I fully understand. I just don't want to bother you with further questions for these advanced (at least for me) codes as it's not easy to find answers in documentation or R help for something more than basic codes.
My understanding is that mutate_at statements work for all individual string variables whereas mutate statements for final, merged comments (all_comment). Is that correct?

andresrcs · October 17, 2019, 4:27pm

Sorry but I still don't understand what you mean, try to exemplify your question with code.

Slavek · October 22, 2019, 8:49am

That is all right. I used enough of your time and you help is significantly better than going through other (not always working) solutions found in R documentations or other websites.

I simply want to make sure my "try and go" codes are not too complicated and not overwritten if they can be simplified. I just have a feeling that my code is too long and mutate_at and mutate do the same thing as they both include identical elements like this one:

(regex("^(no\\scomment?|n/a|Not\\sApplicable|nothing|^\\s*n.?a.?\\s*$)$", ignore_case = TRUE)

That is all.

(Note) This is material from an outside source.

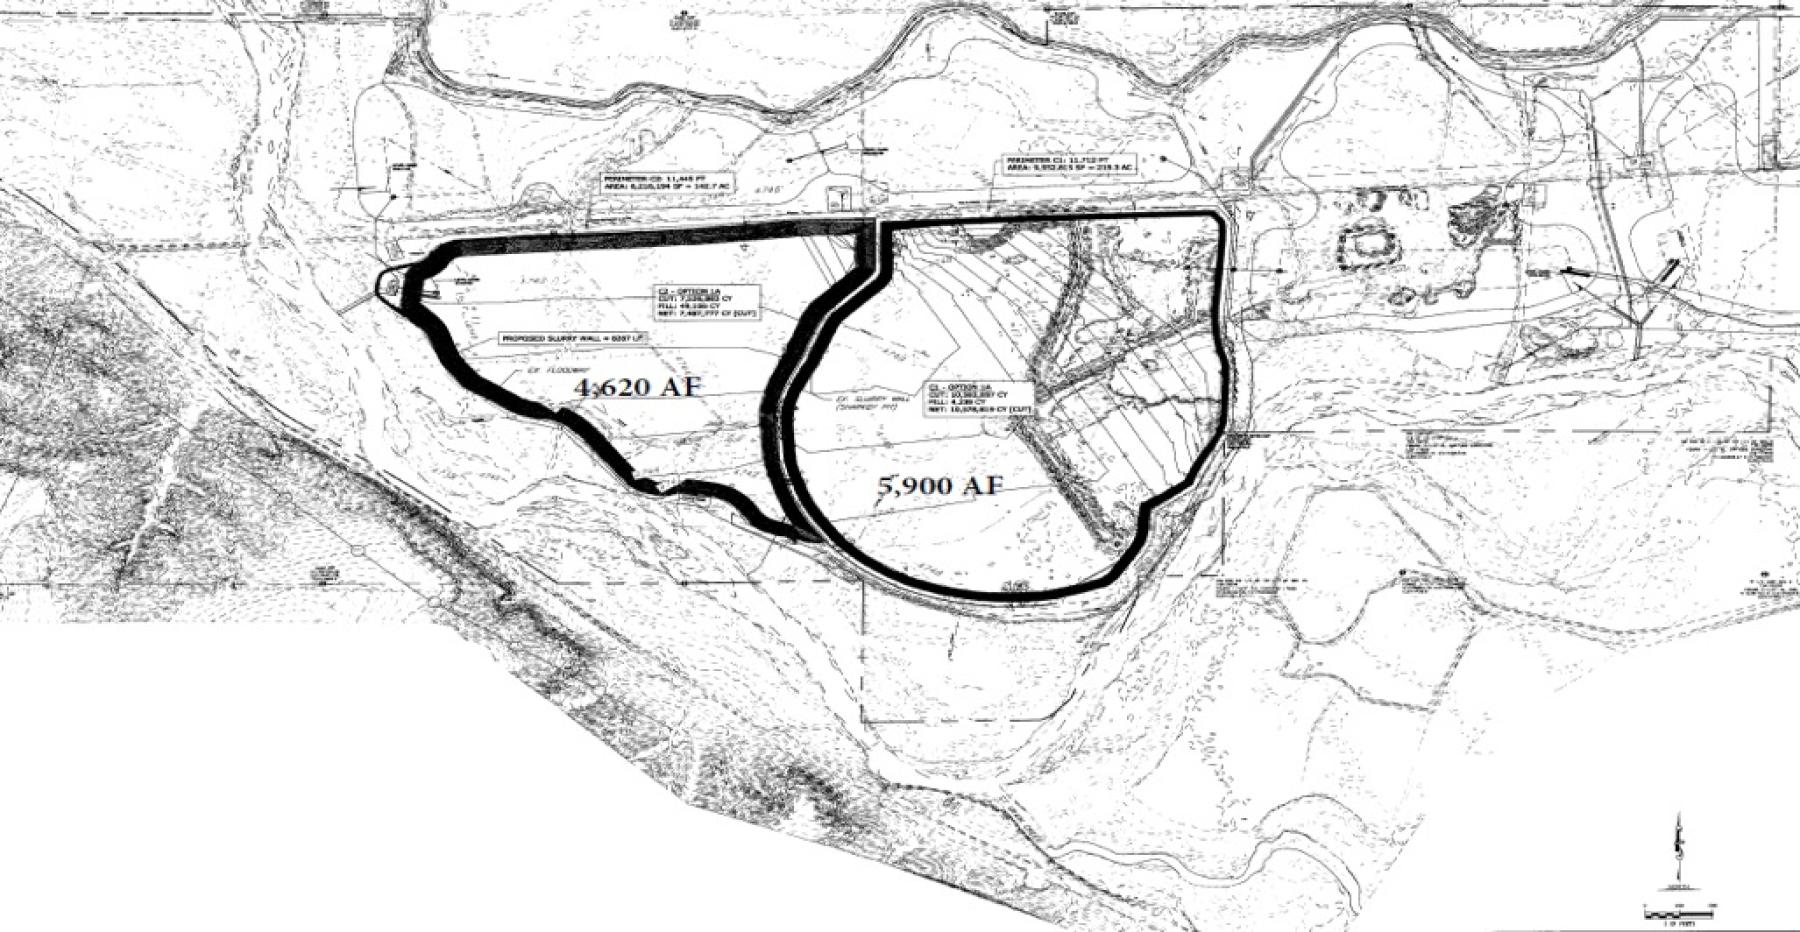 Plan Set for Milliken Reservoir

Sorry if this question is silly. I simply prefer to ask this type of questions to experts like you rather then getting false, misleading information from other sources.

andresrcs · October 22, 2019, 12:37pm

Yes, you are duplicating some actions, I think the best way to check for this is to execute your code command by command and check intermediate outputs

system · November 12, 2019, 12:37pm

This topic was automatically closed 21 days after the last reply. New replies are no longer allowed.